Figure 3. 2-ME withdrawal induces apoptosis of wild-type, but not SIRT1−/−, mES cells

(A) Western blot analysis of p53 and BAX from mictochondrial fractions, 12 h after 2-ME withdrawal, in wild-type and SIRT1−/− mES cells. Mitochondrial fractions were prepared for p53 and BAX western blotting as described in “Experimental Procedures”. The results of HSP-70 analysis are shown as a marker for mitochondrial fractions. The results of β-actin and PCNA analysis are shown to compare the extend to which the cysolic and nuclear fractions are contaminated. (B) Apoptosis of wild type, SIRT1−/− mES cells and SIRT1−/− mES cells infected with control or SIRT1 expressing lentiviral particles 60 h after 2-ME withdrawal as detected by FACS after Annexin V staining. Error bars represent SD of triplicate experiments. (C) Expression levels of p53 and BAX in scrambled shRNA, p53 shRNA or BAX shRNA expressing wild type mES cells, as detected by western blot analysis. (D) Apoptosis of scrambled shRNA, p53 shRNA or BAX shRNA expressing wild type mES cells 60 h after 2-ME withdrawal as detected by FACS after Annexin V staining. Error bars represent SD of triplicate experiments. Results shown in A–D are for 1 of 3 reproducible experiments with R1 mES cells.

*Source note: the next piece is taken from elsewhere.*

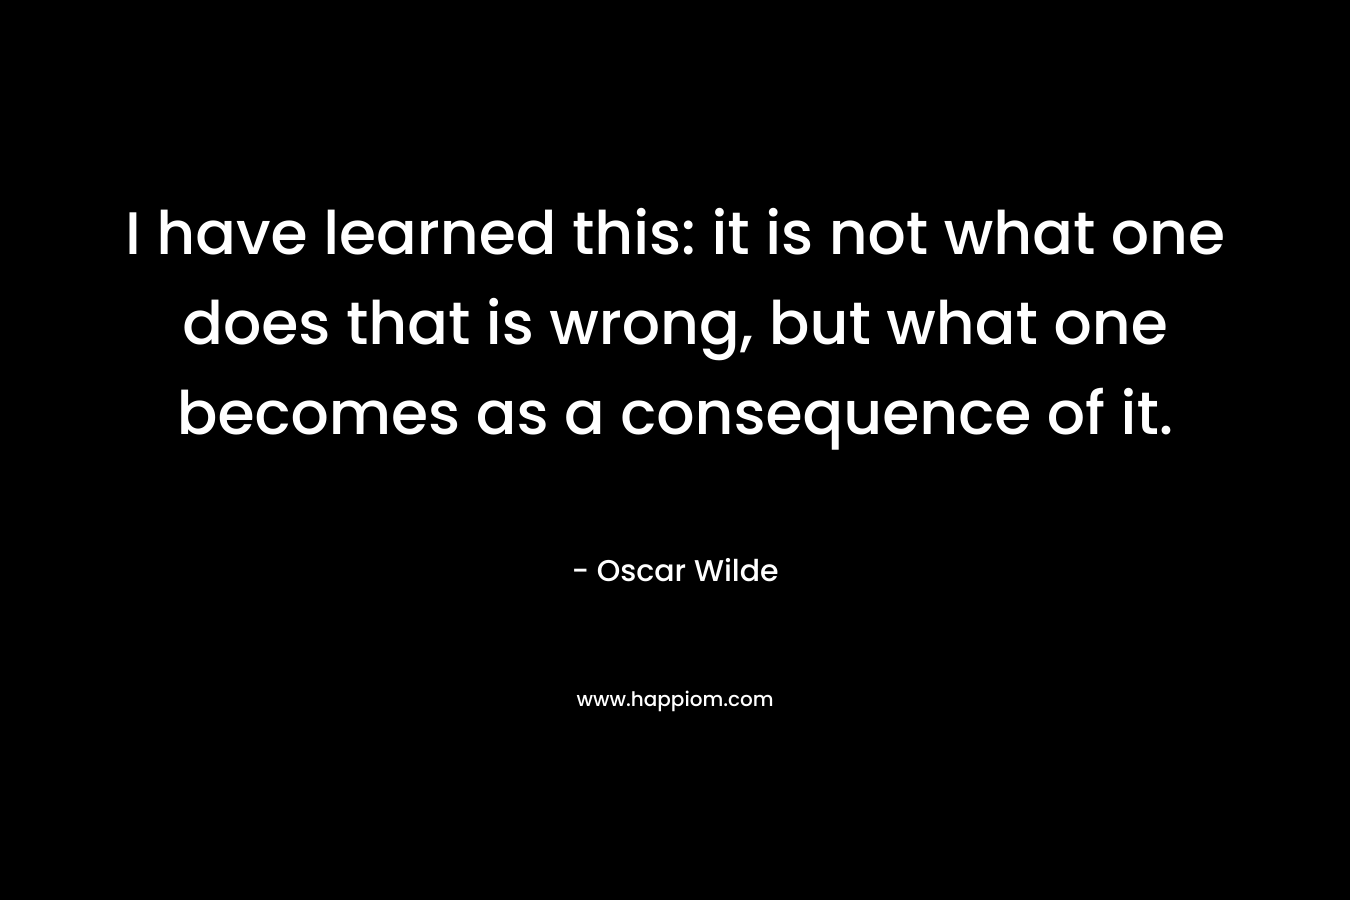 I have learned this: it is not what one does that is wrong, but what one becomes as a consequence of it. – Oscar Wilde

Figure 4. 2-ME withdrawal induces inhibition of Nanog expression

(A) Nanog expression levels in wild type, SIRT1−/− mES cells and SIRT1−/− mES cells infected with control or SIRT1 expressing lentiviral particles upon 2-ME withdrawal, as detected by western blot analysis. Wild-type, SIRT1−/− mES cells and SIRT1−/− mES cells infected with control or SIRT1 expressing lentiviral particles were cultured for 24 h with complete medium in the absence or presence of 2-ME. (B) Relative density of nanog as calculated by β-actin normalized protein band intensities from triplicate experiments. Error bars represent SD of triplicate experiments. *, p<0.01 versus SIRT1−/− mES with 2-ME; **, p<0.05 versus SIRT1−/− + null mES with 2-ME. (C) p53 knockdown blocks 2-ME withdrawal-induced suppression of Nanog expression in SIRT1−/− mES cells. Scrambled shRNA and p53 shRNA expressing SIRT1−/− mES cells were cultured for 24 h with complete medium in the absence or presence of 2-ME. Nanog and p53 levels were detected by western blot. (D) Relative expression of nanog as calculated by β-actin normalized protein band intensities from triplicate experiments. Error bars represent SD of triplicate experiments. (E) 2-ME removal-induced inhibition of Nanog promoter activity and restoration of the activity by mutation of the p53 binding sites in SIRT1−/− mES cells. SIRT1−/− mES cells were transfected with wild type Nanog luciferase and mutant luciferase constructs, cultured for 24 h and then further incubated for 24 h in the absence or presence of 2-ME. Relative luciferase activities of wild type (WT) and mutant (MT) promoters for p53 binding sites are shown. Error bars represent SD of triplicate experiments. (F) Proposed model of SIRT1 role in p53 dependent apoptosis and Nanog expression. SIRT1 blocks nuclear translocation of p53 induced by ROS and triggers mitochondrial dependent apoptosis. SIRT1 also blocks inhibition of the p53 role in suppressing Nanog expression.

Figure 5. Differentiation of SIRT1−/− mES cells cultured in absence of 2-ME

SIRT1−/− mES cells were passaged one time in absence of 2-ME. Alkaline phosphatase was stained as described in Materials and Methods. SSEA-1 and Oct-4 were measured by flow cytometry.